◆ Record extracts ◆
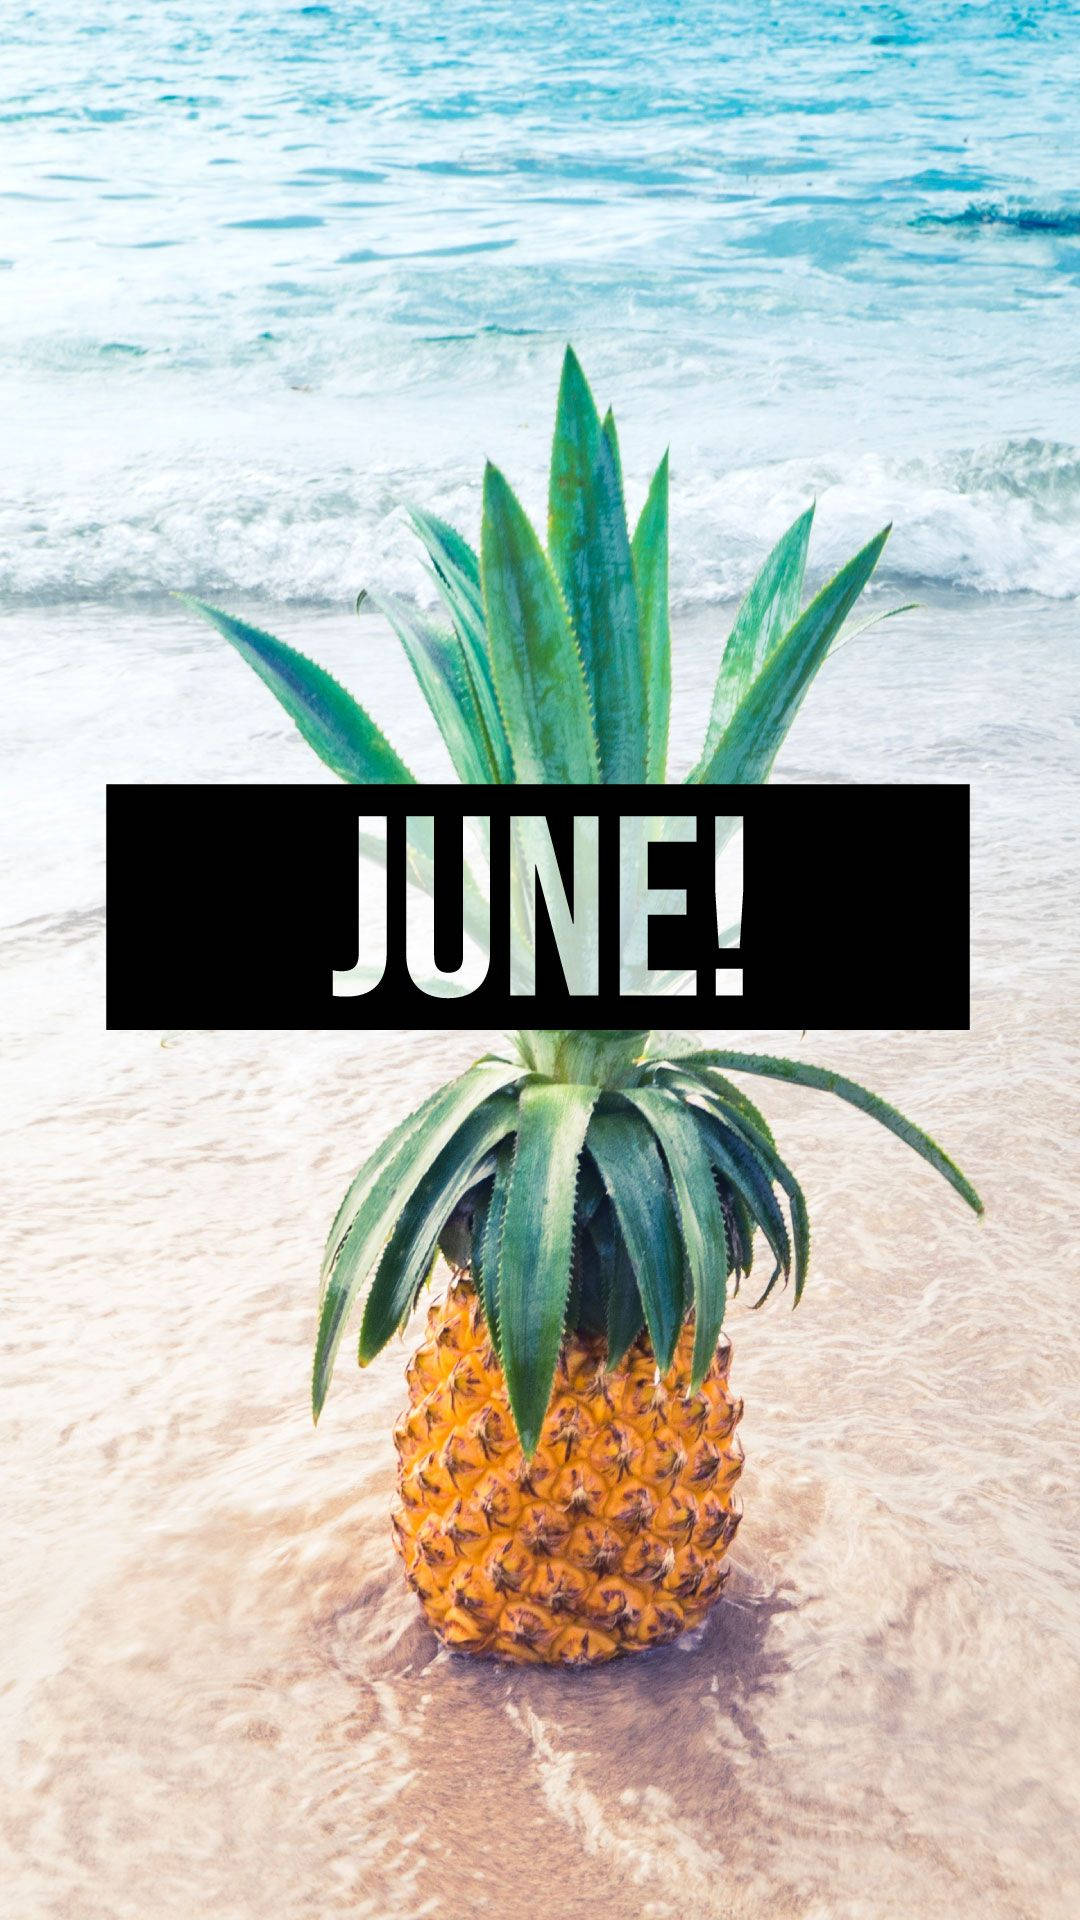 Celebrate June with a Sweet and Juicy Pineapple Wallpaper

--

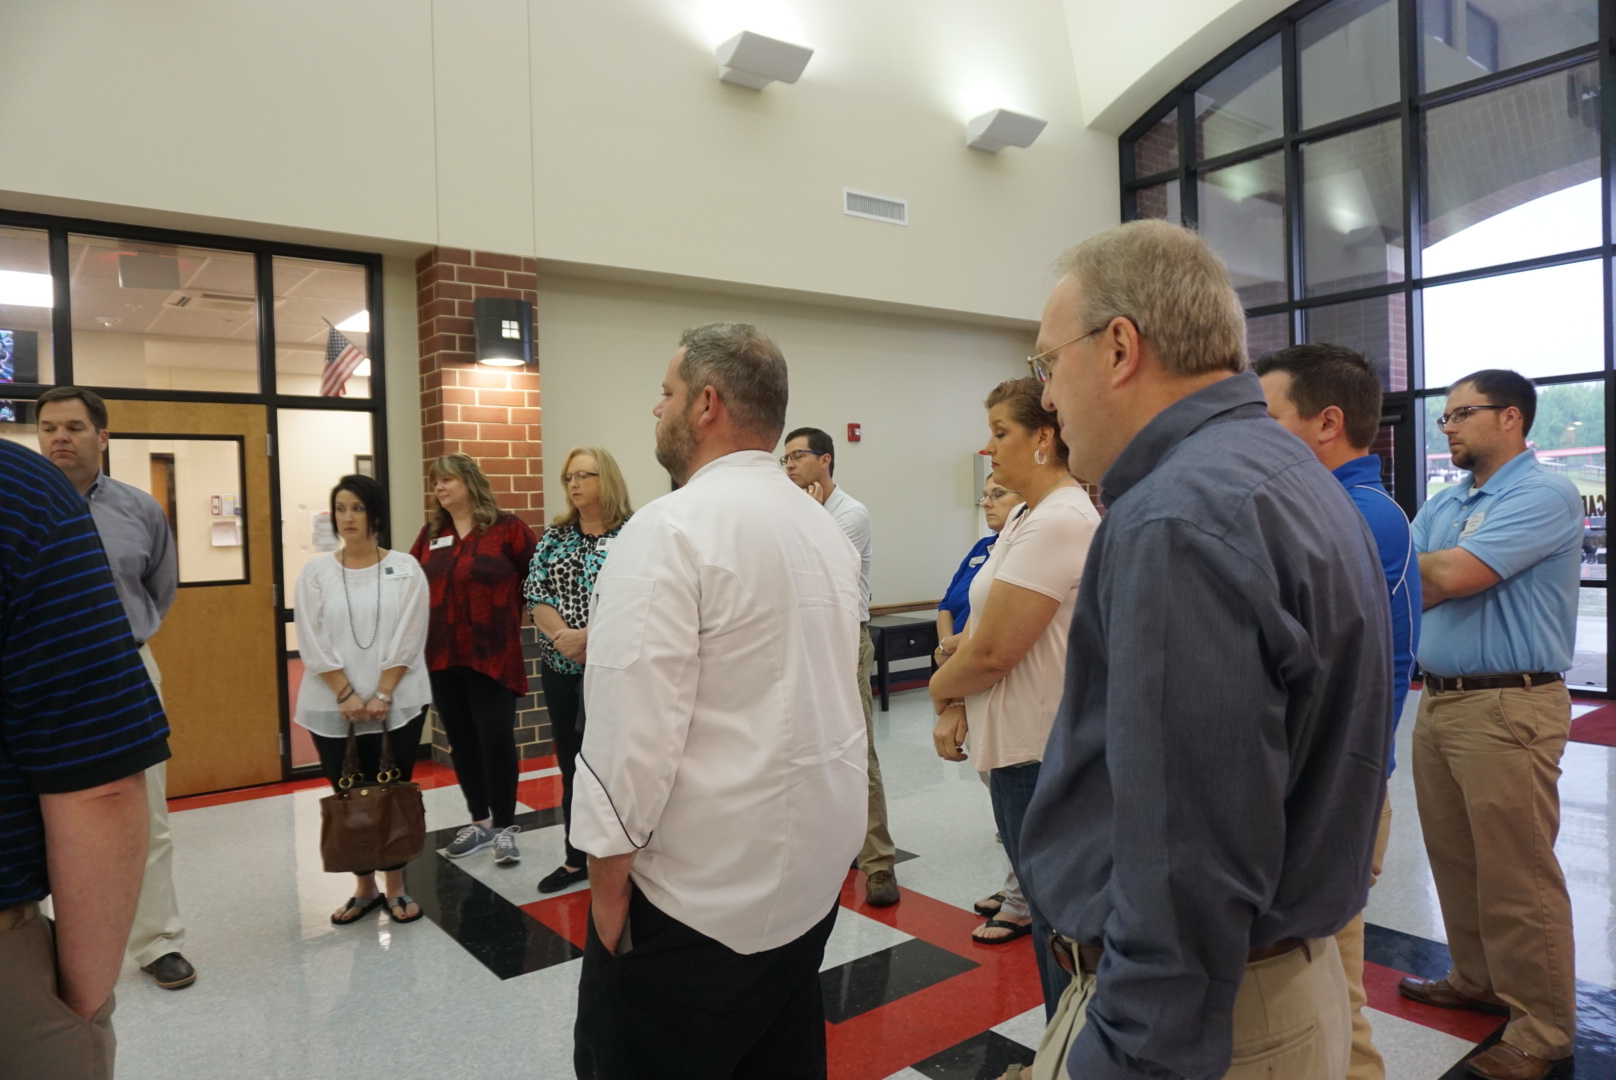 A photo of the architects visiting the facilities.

---

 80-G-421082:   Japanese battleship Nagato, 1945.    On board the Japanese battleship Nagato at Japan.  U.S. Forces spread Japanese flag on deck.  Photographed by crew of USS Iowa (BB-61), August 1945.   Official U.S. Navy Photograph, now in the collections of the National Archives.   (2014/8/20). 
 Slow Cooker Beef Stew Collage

◆ What you have to do ◆
Will you return exactly the lines above from the one with "battleship Nagato, 1945." down to the one with "Slow Cooker Beef Stew Collage", counting both as part of the range?

◆ Exercise answer ◆
 80-G-421082:   Japanese battleship Nagato, 1945.    On board the Japanese battleship Nagato at Japan.  U.S. Forces spread Japanese flag on deck.  Photographed by crew of USS Iowa (BB-61), August 1945.   Official U.S. Navy Photograph, now in the collections of the National Archives.   (2014/8/20). 
 Slow Cooker Beef Stew Collage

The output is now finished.